• [EXERCISE AIM] In the data below, find the line with "رابطه معیارهای انتخاب" and the line with "Câmara de Conselheiro", then restate both and every line between them exactly, minus the pictures.

• [STORED DATA]
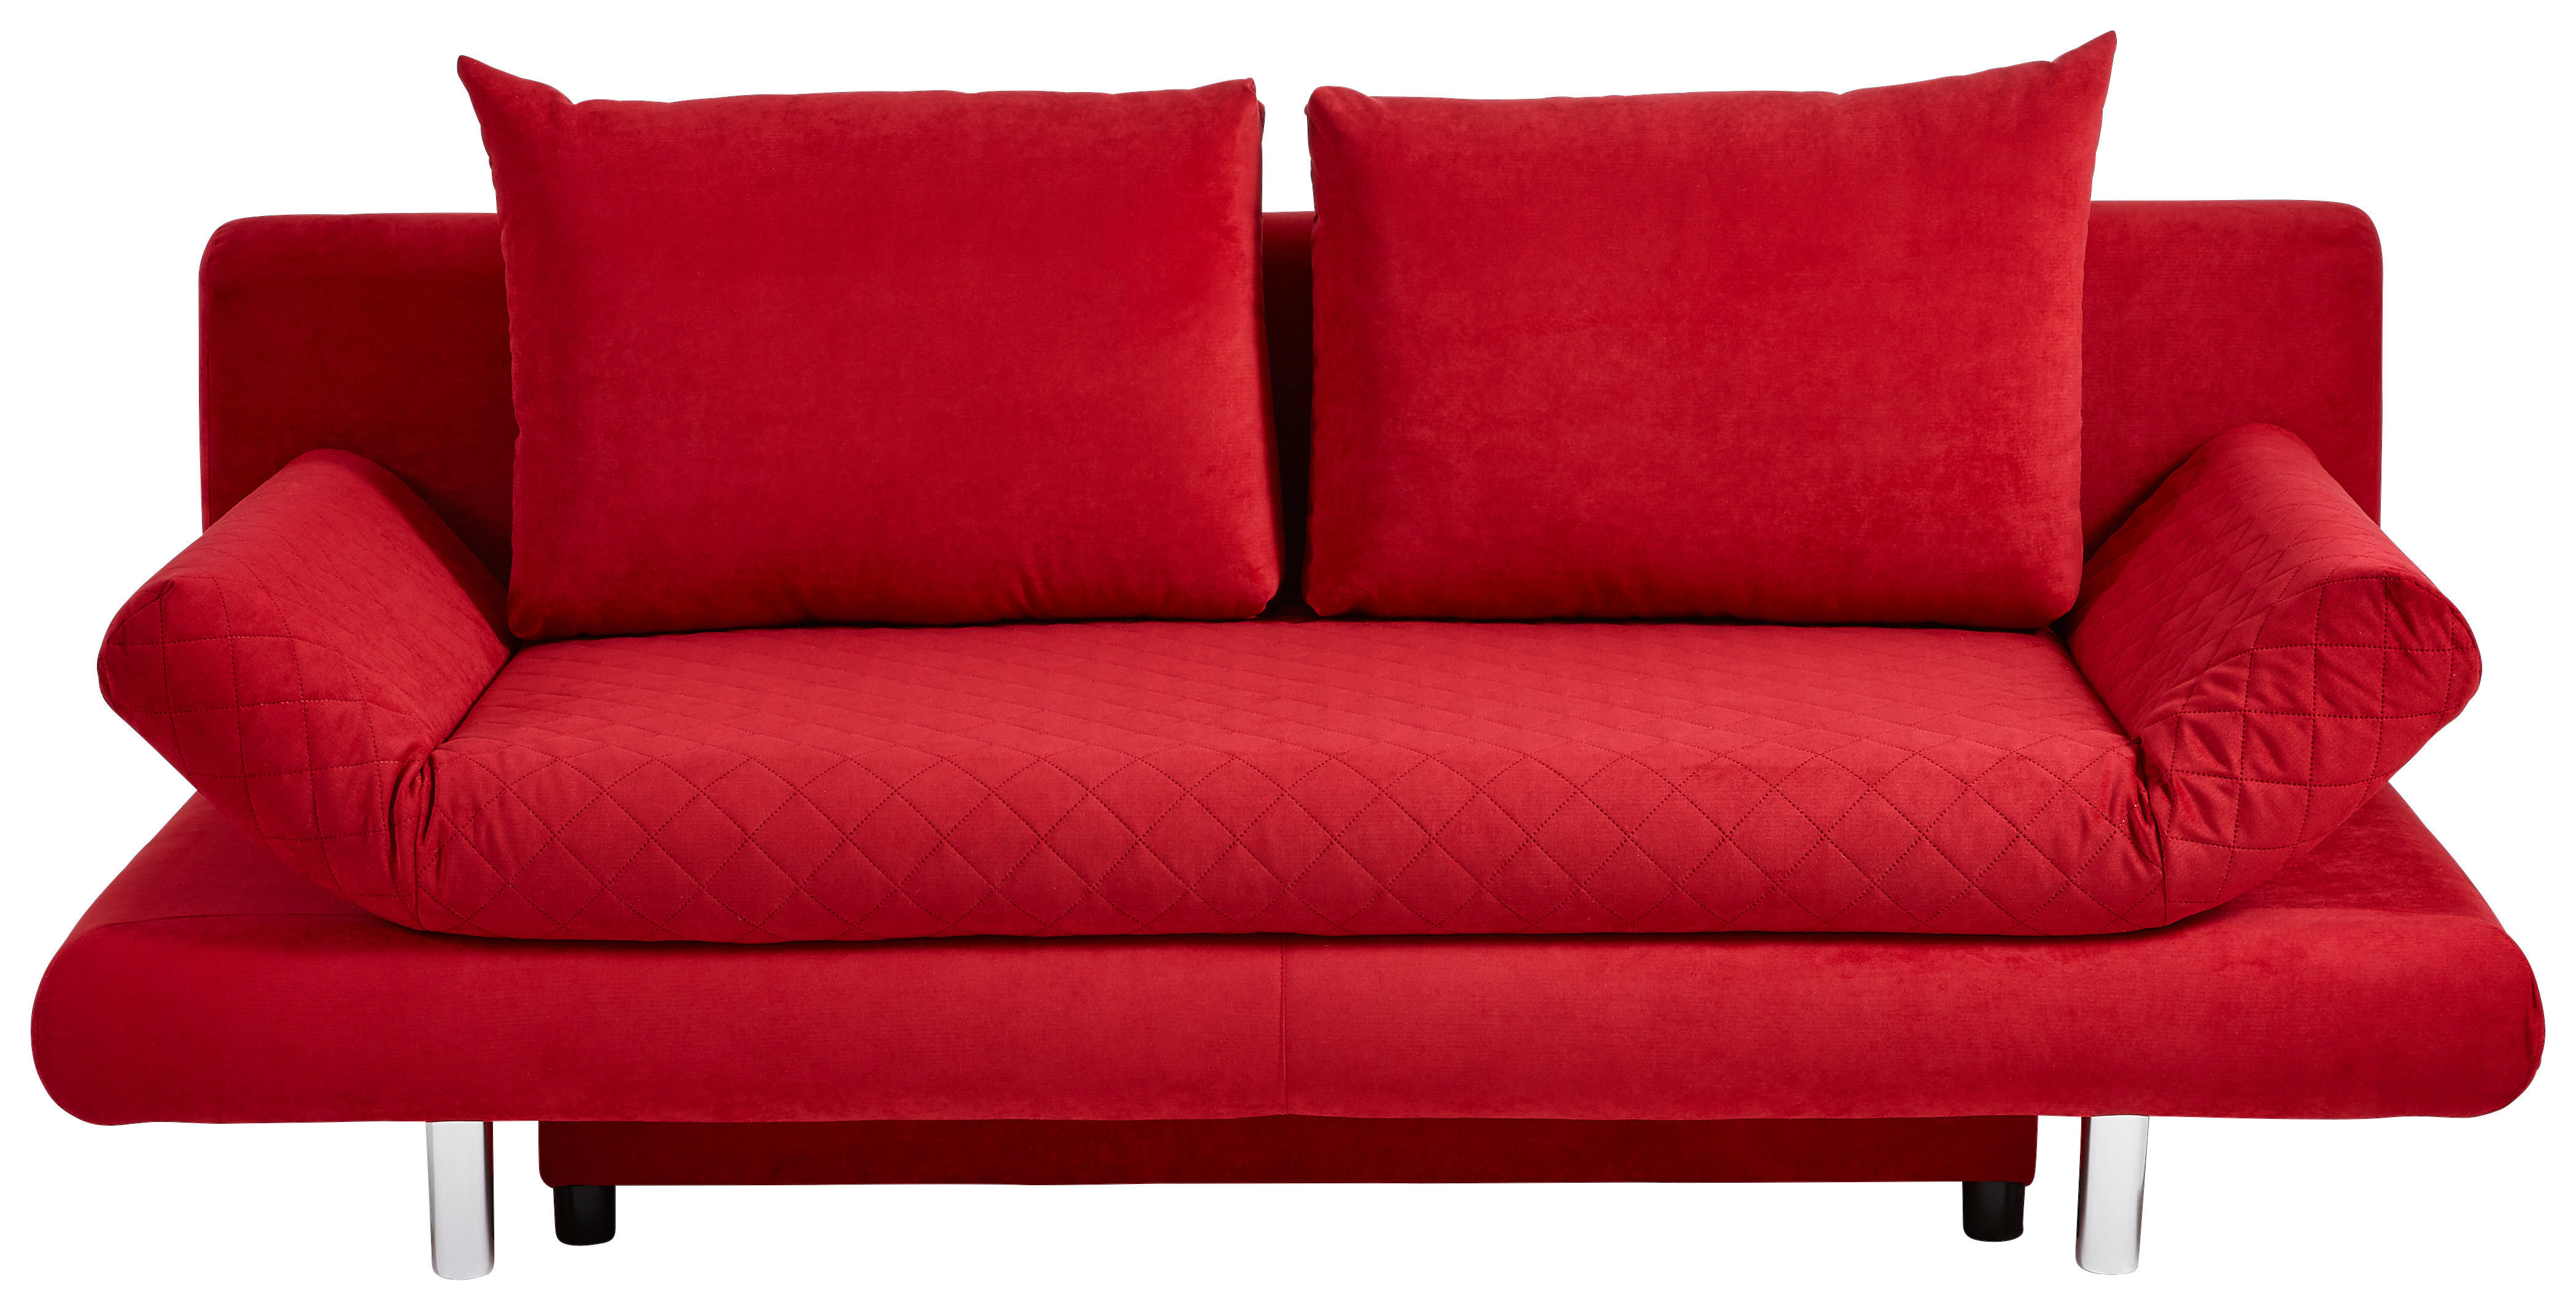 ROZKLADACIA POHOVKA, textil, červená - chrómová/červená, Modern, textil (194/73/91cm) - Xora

* * *

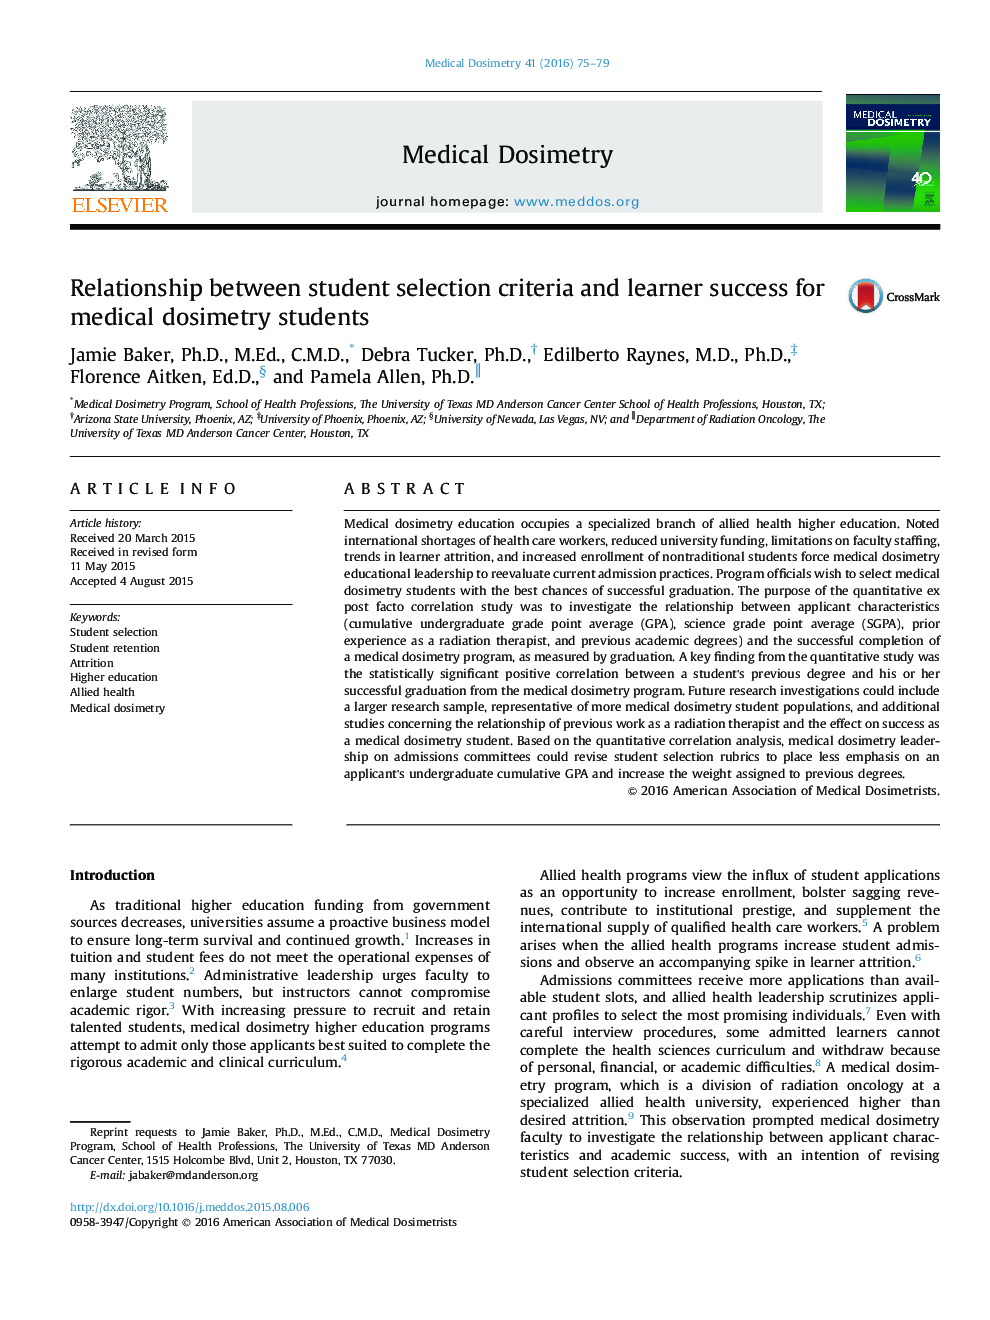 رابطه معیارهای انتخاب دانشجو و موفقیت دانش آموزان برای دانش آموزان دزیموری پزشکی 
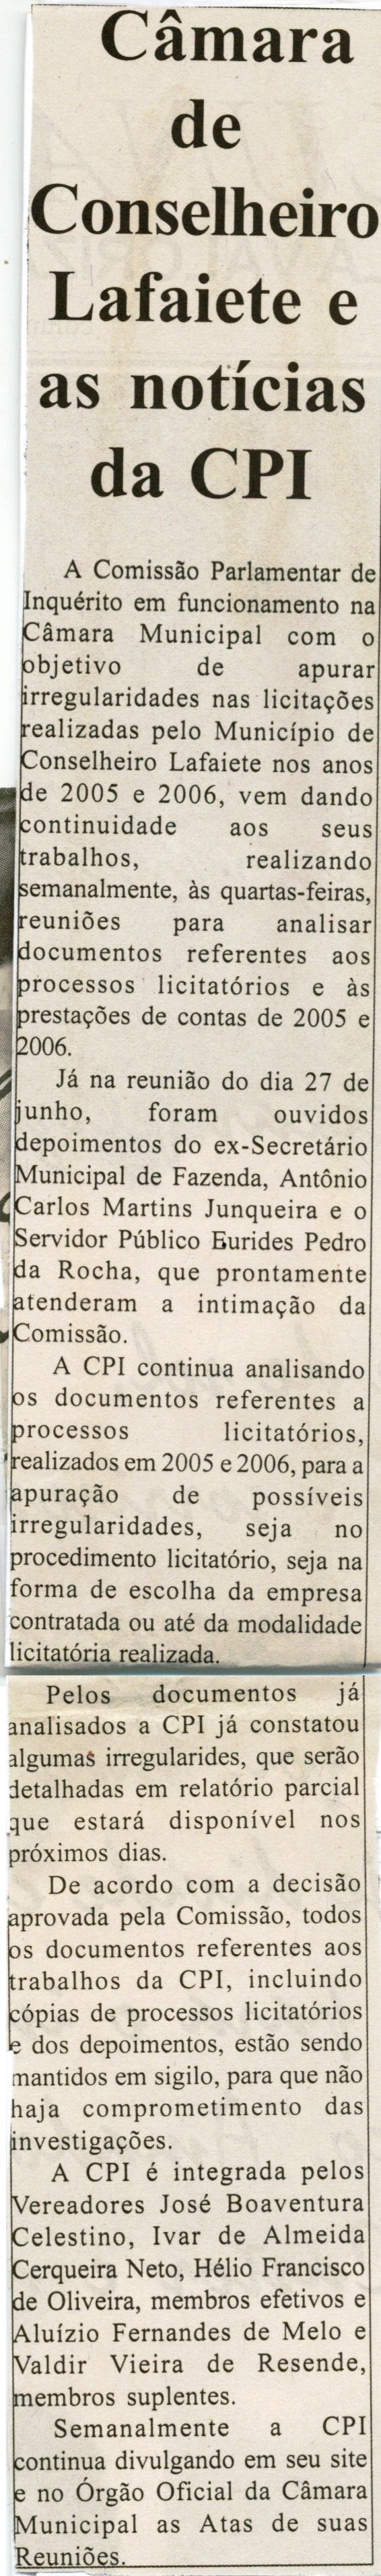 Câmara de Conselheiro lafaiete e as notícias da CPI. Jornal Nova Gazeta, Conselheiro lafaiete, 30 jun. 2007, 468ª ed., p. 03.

• [WRITTEN SOLUTION]
 رابطه معیارهای انتخاب دانشجو و موفقیت دانش آموزان برای دانش آموزان دزیموری پزشکی 
 Câmara de Conselheiro lafaiete e as notícias da CPI. Jornal Nova Gazeta, Conselheiro lafaiete, 30 jun. 2007, 468ª ed., p. 03.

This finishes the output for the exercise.